Maybe you can print this article out, and put a copy in her locker and one on the bulletin board. Here is the link. https://allnurses.com/nursing-articles/the-language-pain-265828.html

Specializes in Cardiac Telemetry, ED.

Yes, I am horrified. My understanding is that pancreatitis can be excruciating, and I would never EVER question a patient with this diagnosis about their need for pain medication! Getting their pain under control would be one of my nursing priorities, and I'd be working very hard to do that. The gall of that nurse!

Specializes in Community Health, Med-Surg, Home Health.

My nursing supervisor suffers from acute attacks of pancreatitis often enough for me to know if this nurse said something to her, we would be talking about attending a funeral. She used to have pain so bad that she would cry like a baby (normally, she was one tough cookie! No one messed with HER!:D) I'll bet if I showed her this thread, she would get the blood hounds out.

I asked for versed, which he finally ordered, so as I was drawing up the versed the patient asked what it was and I told him it was stronger than dilaudid, and he would feel better soon, to which he replied "THERE"S NOTHING STRONGER THAN DILAUDID

Whaaaat?

How often does this happen? This can't be legal, is it? I am really curious to know because I'm still learning, and if this is accepted practice, I think there's a huge problem with that!

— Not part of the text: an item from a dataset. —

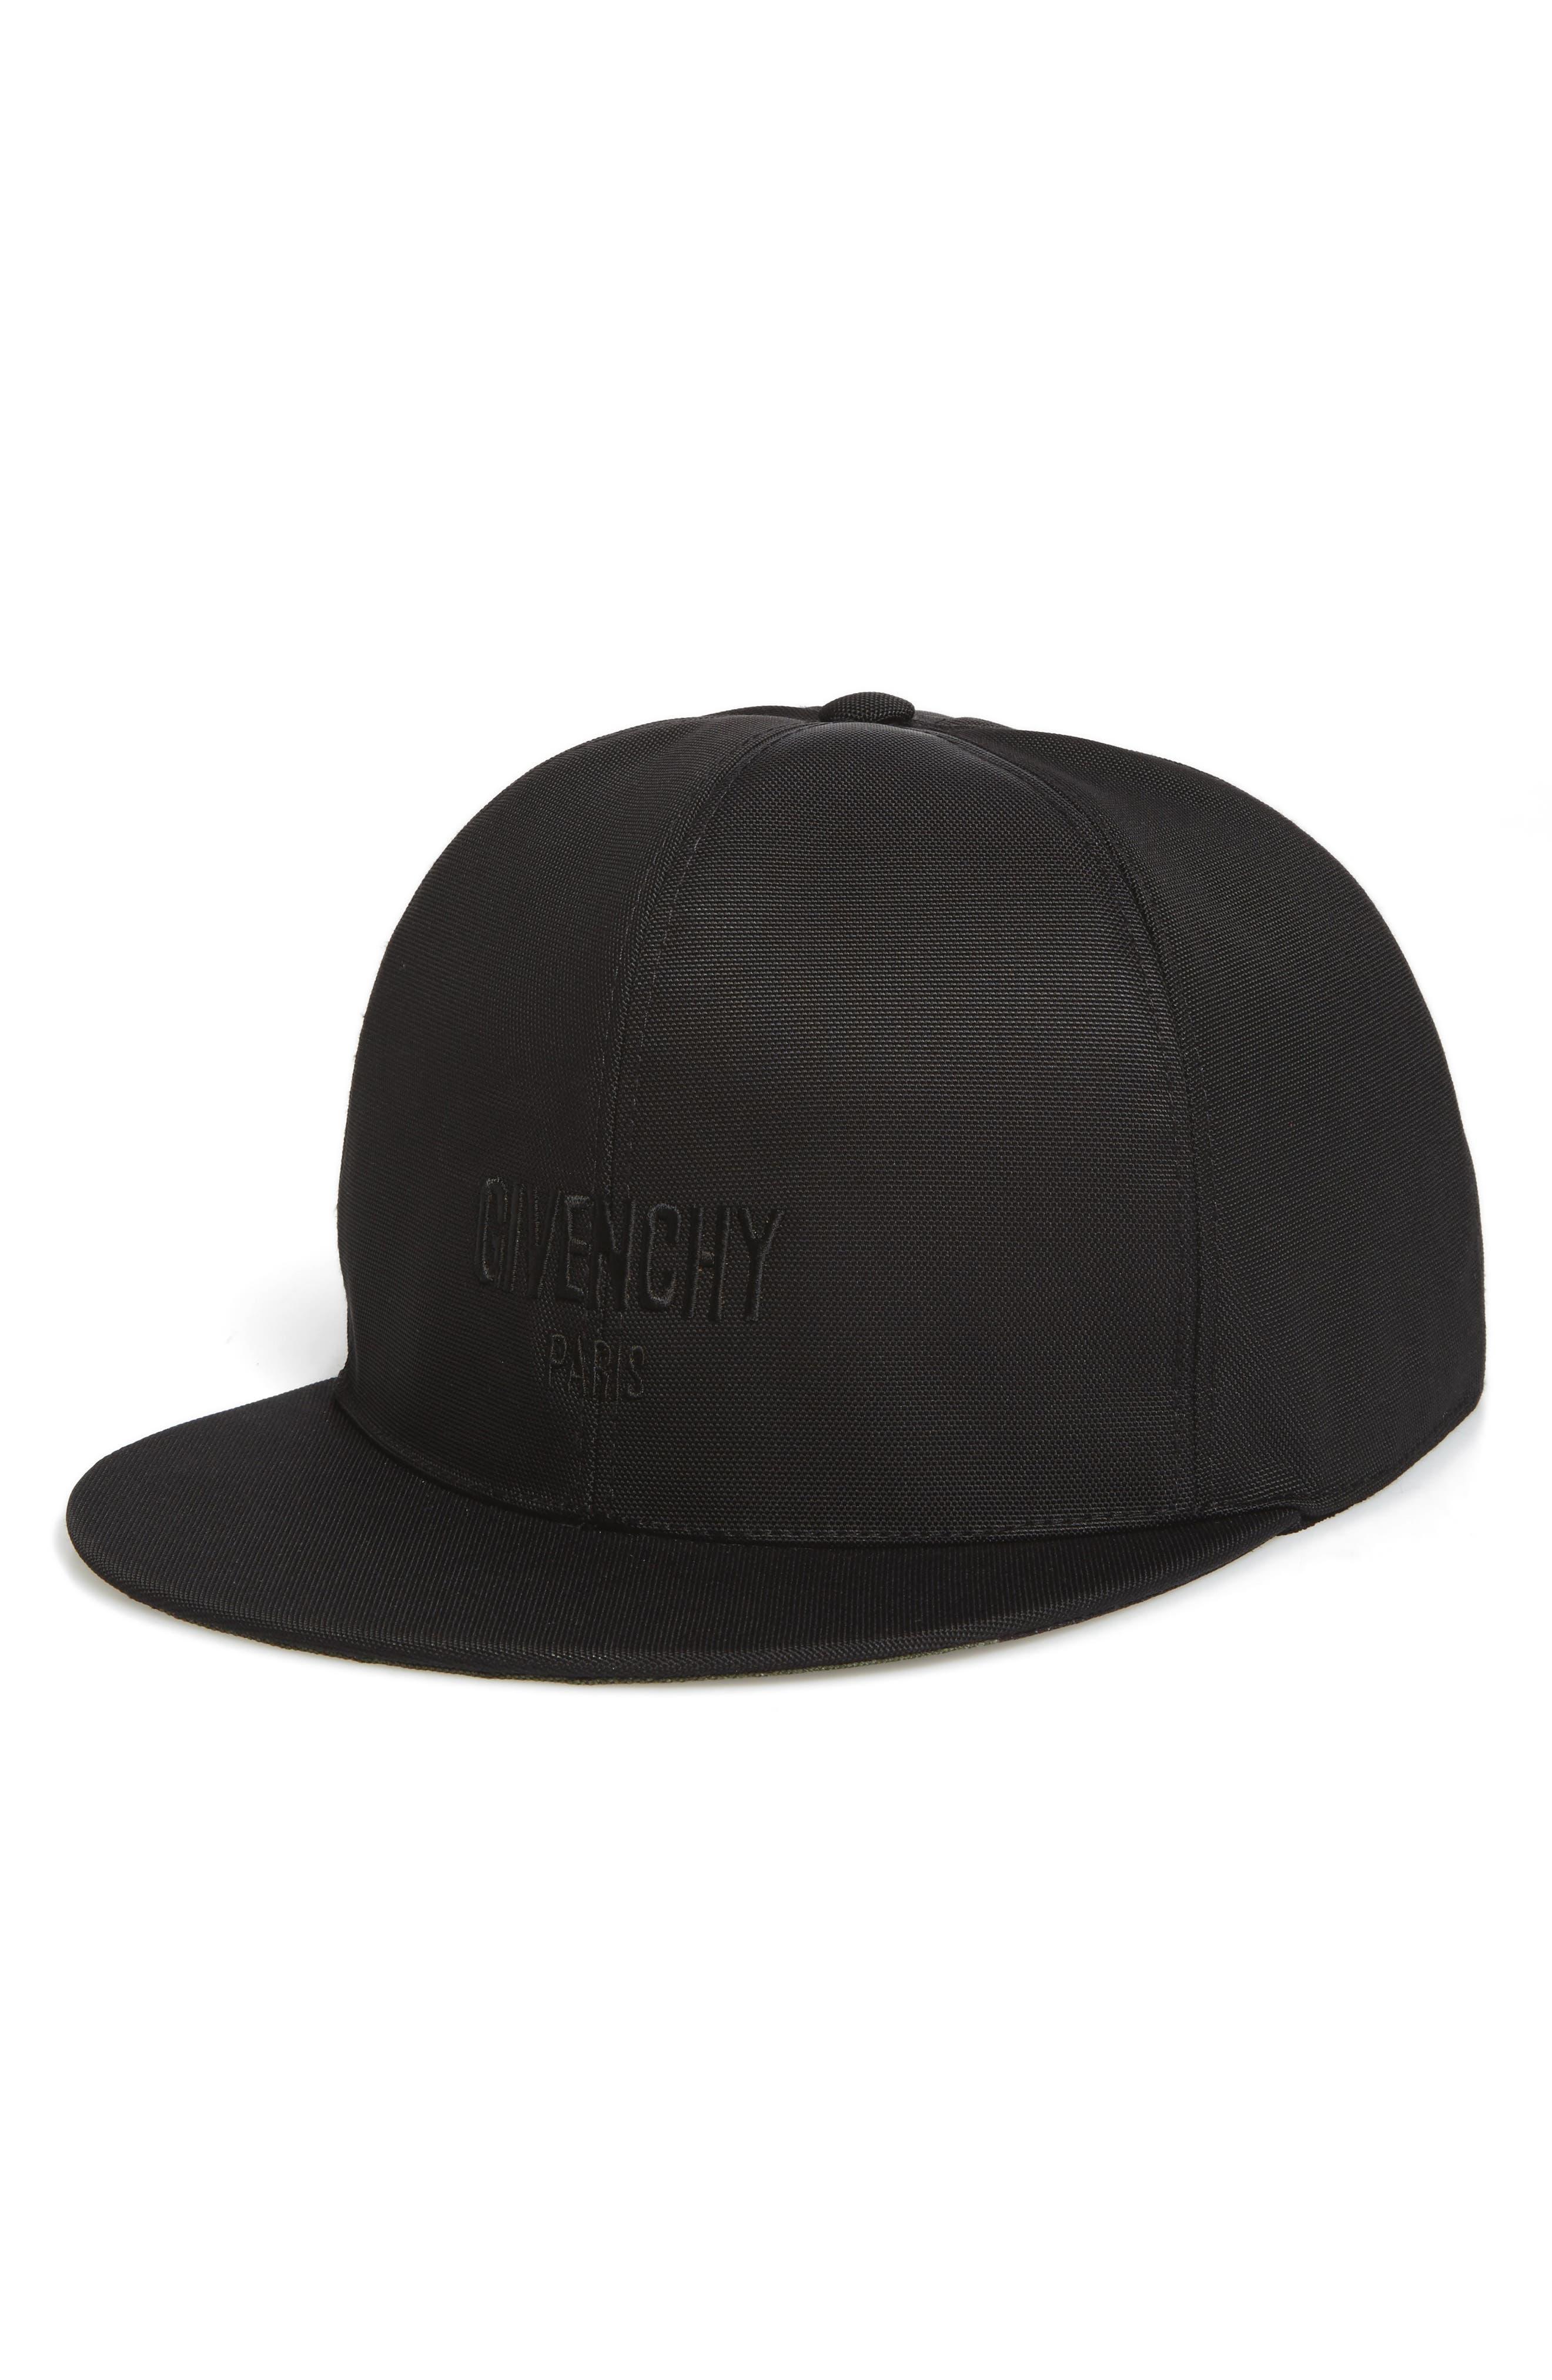 Main Image - Givenchy Embroidered Baseball Cap

There are so many people in this world that are misinformed and when they open their mouth you can usually figure out the depth of the ignorance they have. But info is needed for your know everythingg nurse. First off pancreatitis is very painful it hurts like the dickens, hence the dilaudid order. Second off when the patients starts puking and they will, the phenergan is really needed as well.

Now the part about the drug addiction B.S. Even if the patient is a drug addict it is non of the nurses bizness, the nurses job is to follow orders and not make judgements on people they don't know. If they want to talk about it they will. they make programs for folks like the nurse. It is called Al-Anon. they will tell you, anothers addiction is just that, their problem and not hers. and for the addict it is called Na OR aa. The best and only way to approach a using drug addict is just as easy. You say "If you think there might be a problem Check out AA or NA." thats it, nothing more and walk away. It is like planting a seed. If they aren't an addict they will not think twice about it If they are they know where to go.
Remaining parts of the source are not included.